Although that ban was lifted in 1948, the stigma remained. Yakuza, or Japanese gangsters, often have neck-to-ankle “wabori,” a traditional Japanese-style tattoo done by hand using needles. Because of this gangster association, many hot springs resorts, beaches and gyms bar people with tattoos. Office jobs that allow tattoos are still sparse to nonexistent, with many companies expressly prohibiting applicants who have them.
Tattoos are also frowned upon as a violation of communal codes for how Japanese people should look — codes that can carry severe penalties for anyone who deviates from them.
Two subway drivers made headlines when they were given a negative evaluation after refusing to shave off their facial hair. A naturally brown-haired high school student in Osaka did too after she was punished for not dyeing her hair black. (When Kizu, the web designer, was in elementary school, her parents had to talk to her principal about her own naturally brown hair, saying that under no circumstances would she dye it black.)
But after protests by students, workers and school administrators, there have been some steps to loosen up.
In 2019, Coca-Cola Bottlers Japan announced that it would allow workers to wear jeans and sneakers in order to “encourage individuality.” Last month, the Tokyo government’s Board of Education announced that nearly 200 public schools would drop five rules on appearance, including requirements that students have black hair or wear certain types of undergarments.

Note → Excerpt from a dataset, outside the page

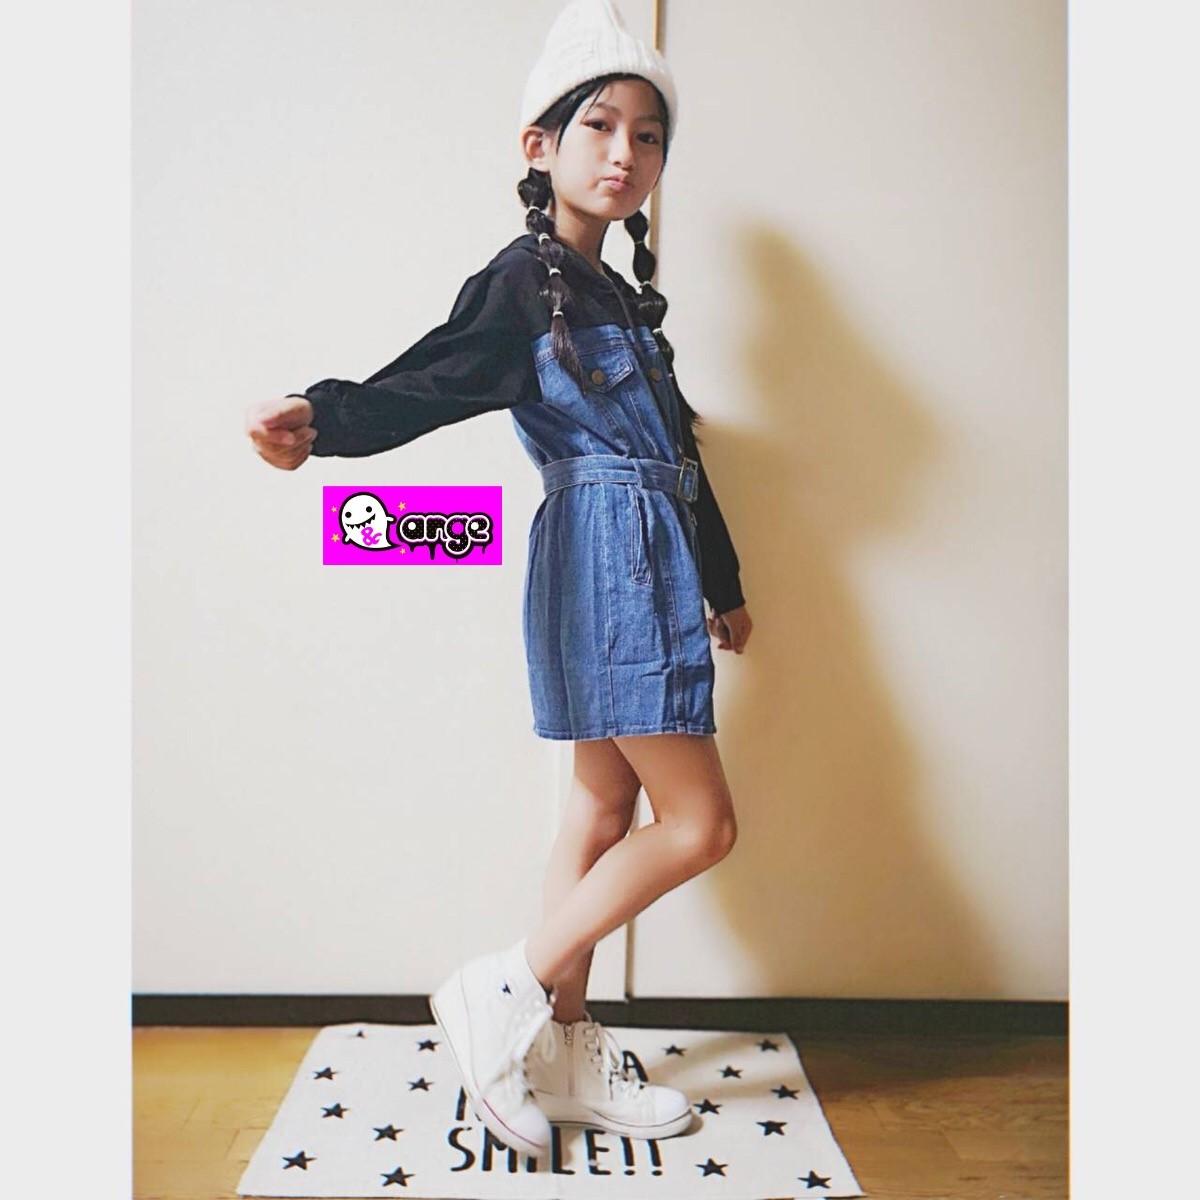 韓国子供服 キッズ デニム×パーカー ワンピース (インスタモデル、むーちゃんTYPE)

The case that led to the breakthrough Supreme Court decision on tattooing began in 2015, when Taiki Masuda, 34, a tattoo artist in Osaka, had his home studio raided and was slapped with a fine. Instead of paying it — as many veteran tattoo artists who had agreements with police advised him to do — he went to court.
The lawsuit, Masuda said, “changed the image of the tattoo industry in Japan.”

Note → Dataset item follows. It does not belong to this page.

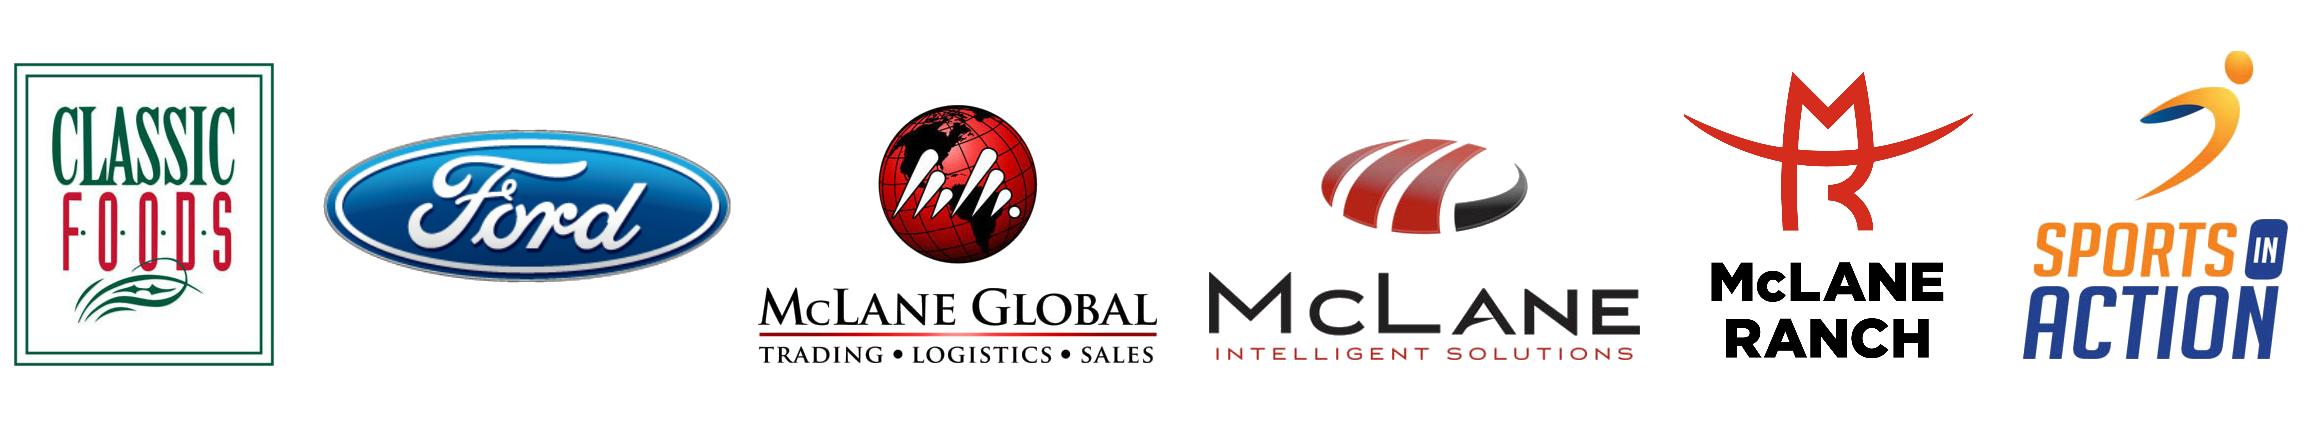 McLane-Group-Logos

During the trial, a group of veteran tattoo artists, suppliers and lawyers came together to create the Japan Tattooist Organization. In consultation from two doctors, they created an online course on hygiene and safety. Tattoo artists can now receive certification to display in their studios, modeled after practices abroad. The organization is currently in talks with the health ministry, with hopes that the government will eventually recommend all tattoo artists take the course.
Last year, about 100 artists took the course. Currently, at least 3,000 are working in Japan, and with more legitimacy, there is hope that more societal acceptance will follow.
Some veteran tattoo artists advocate a gradual approach, worrying about some in the younger generation who ignore signs banning tattoos or take newly secured privileges for granted.
“We need to be extra well-mannered and follow the rules,” said one 50-year-old artist, who goes by the name Asami. “Although a good impression takes time to sink in, a bad impression is created in a second.” Asami gained membership at his local gym only two years ago.
Among the new initiates into the world of the tattooed is Rion Sanada, 19, who one recent afternoon was lying nervously on a studio bed in the Setagaya ward of Tokyo, anxious to get her first tattoo.
Although she was about to start looking for full-time work, she said she was not worried about her job prospects.
“I’ll just get work where I can cover up my arms and legs in baggy clothes,” she said. “These days, tattoos are so much more commonplace.”
Three-quarters of an hour later, Sanada glanced down at her forearm, where an outline of a mouse, sprawled out on its stomach with little wings in the shape of hearts, now rested.
“I’ll work where I can until society catches up to me and I can be free,” she said.